- DATASET SECTION:
******
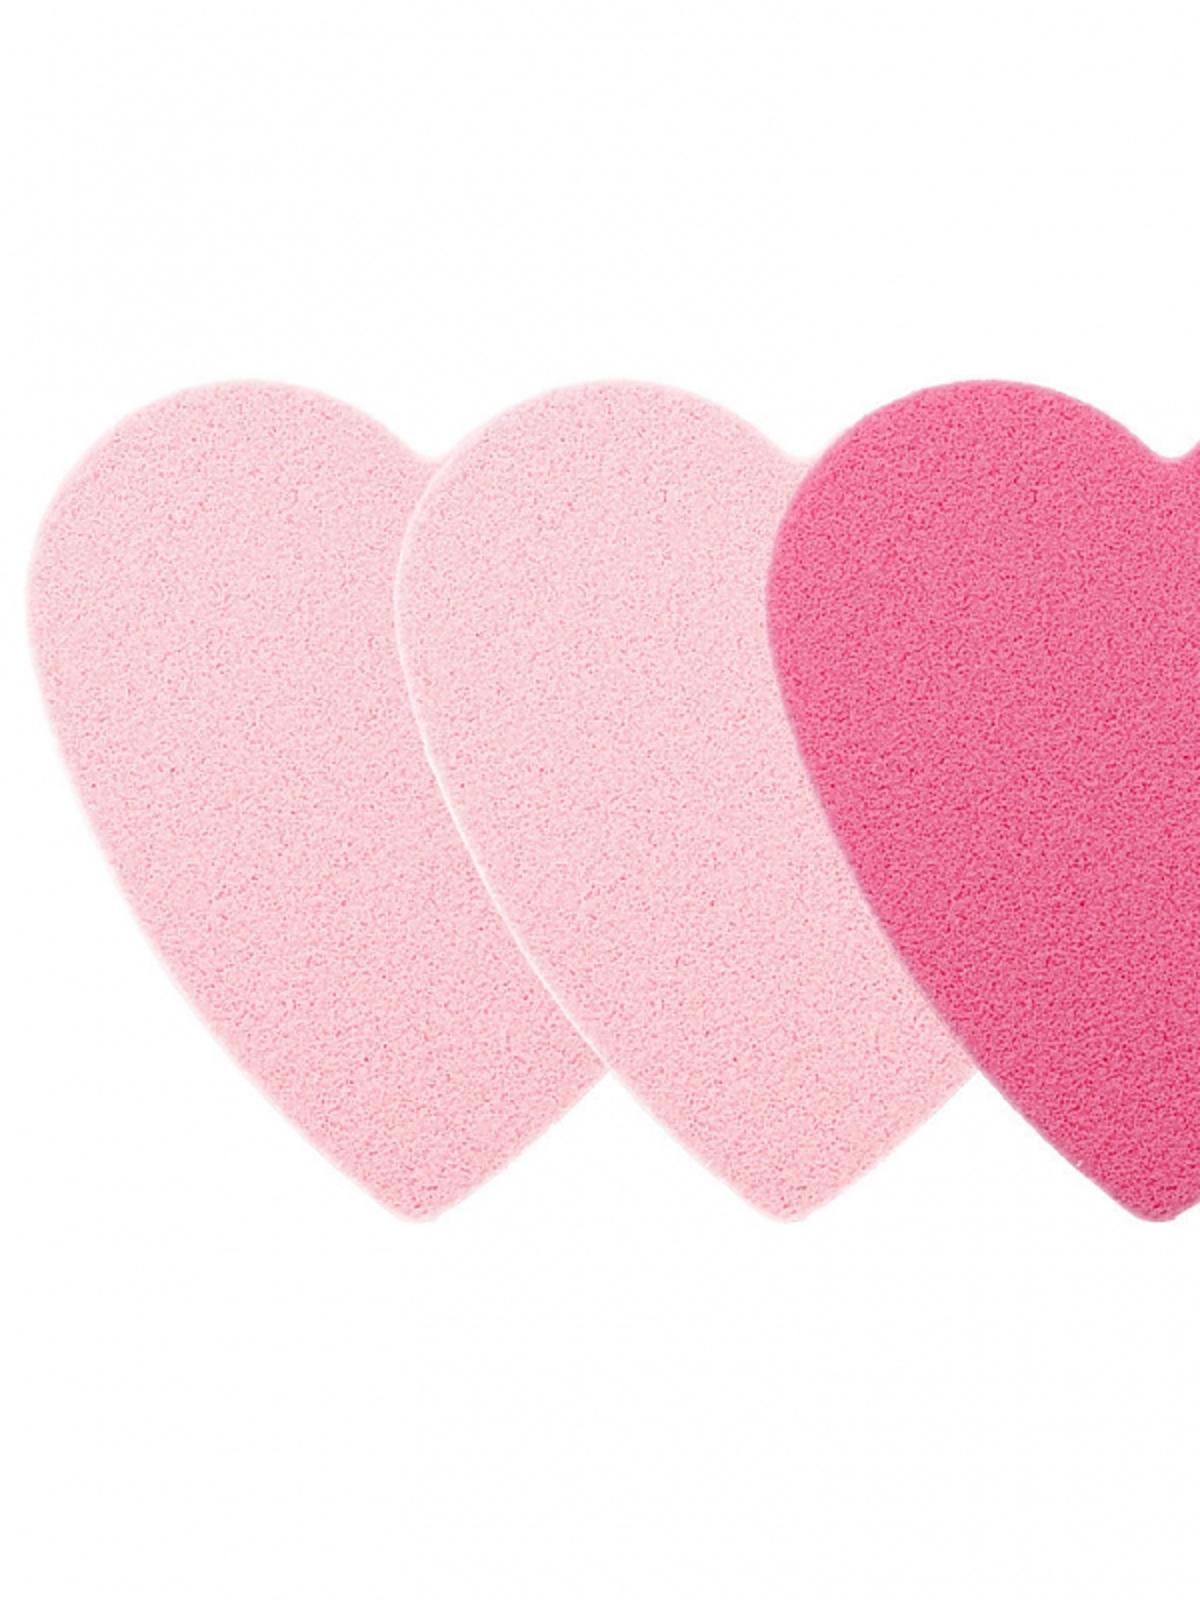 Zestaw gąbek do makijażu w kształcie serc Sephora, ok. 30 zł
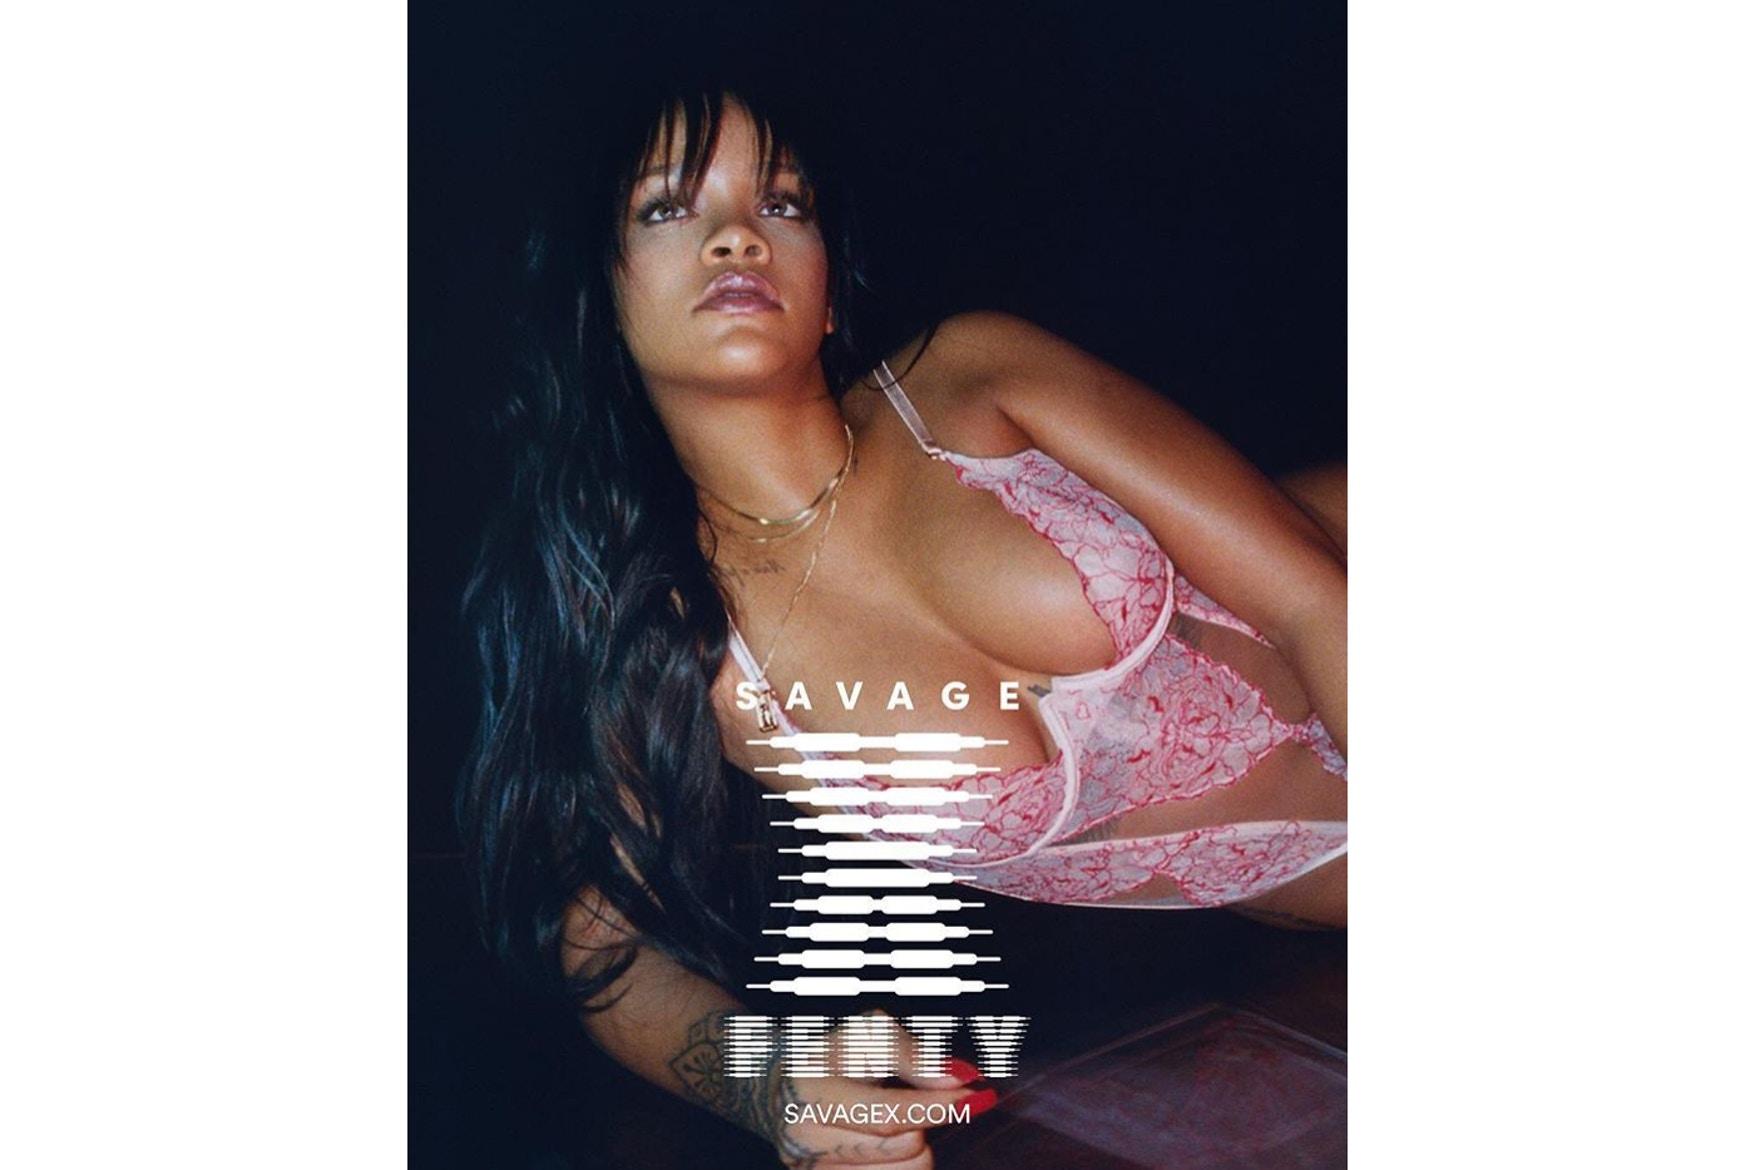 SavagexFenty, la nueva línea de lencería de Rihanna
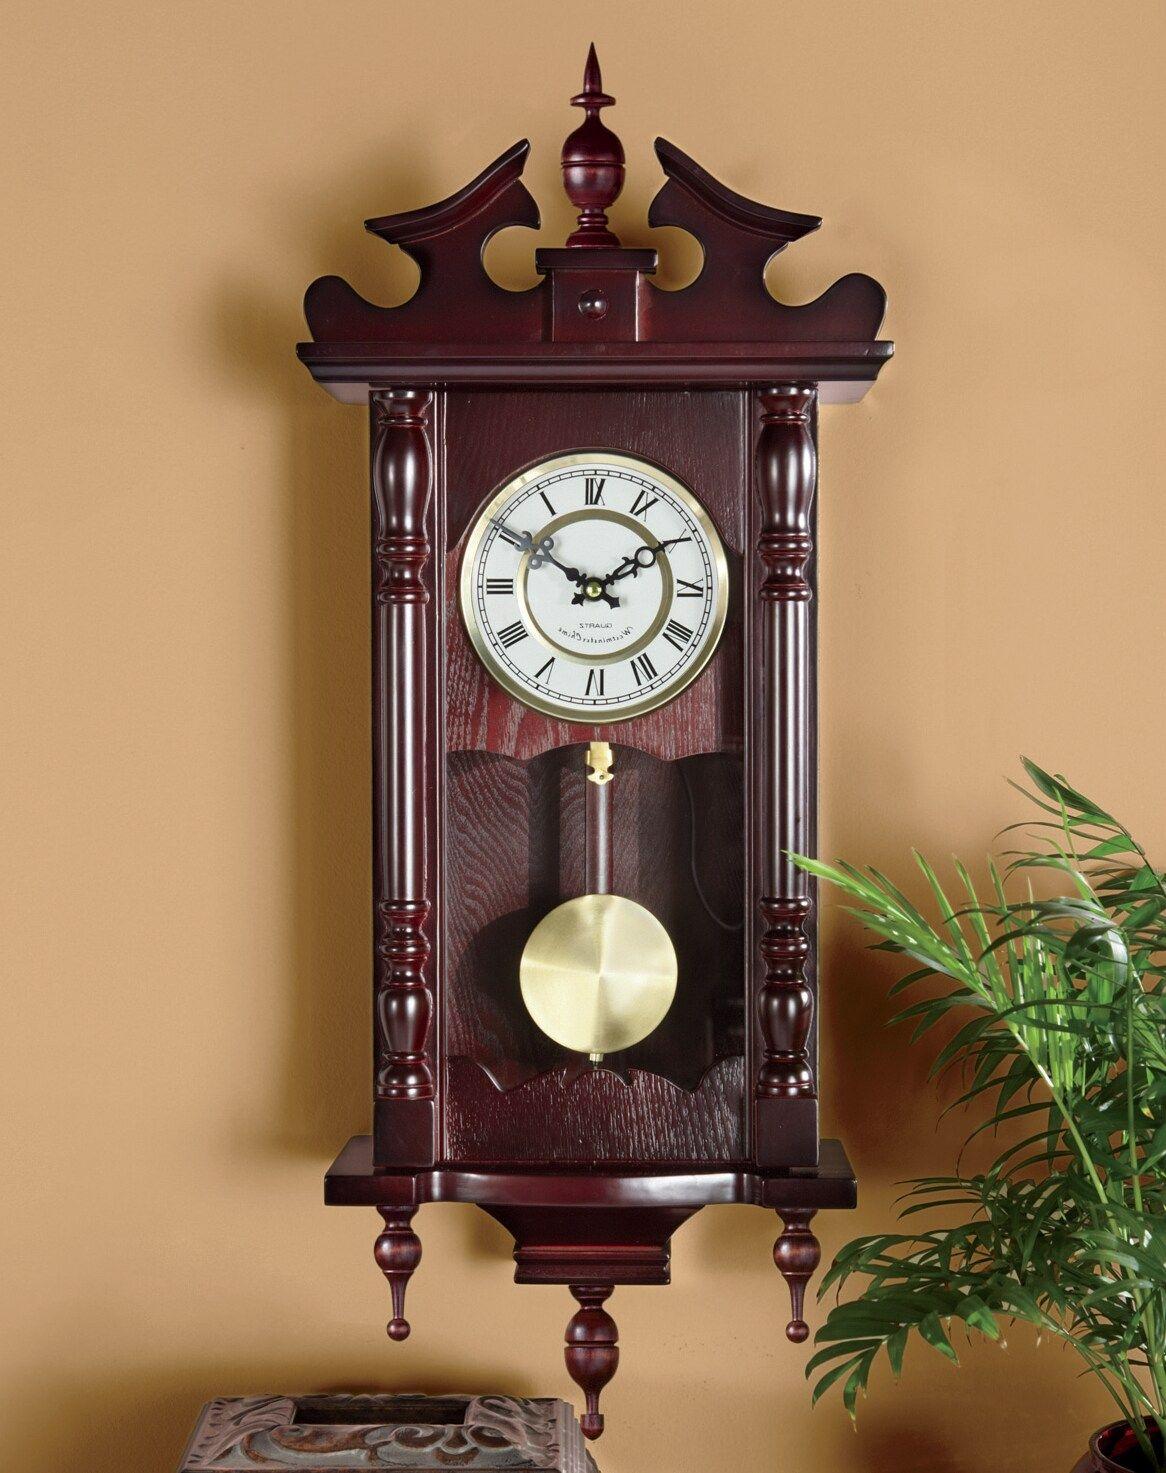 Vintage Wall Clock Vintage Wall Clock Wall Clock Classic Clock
******
- PROBLEM REQUIREMENTS: Lines before the one containing "SavagexFenty, la nueva" are not wanted; repeat that line and the rest of the listing exactly, leaving out pictures.

- SOLVED PROBLEM:
 SavagexFenty, la nueva línea de lencería de Rihanna
 Vintage Wall Clock Vintage Wall Clock Wall Clock Classic Clock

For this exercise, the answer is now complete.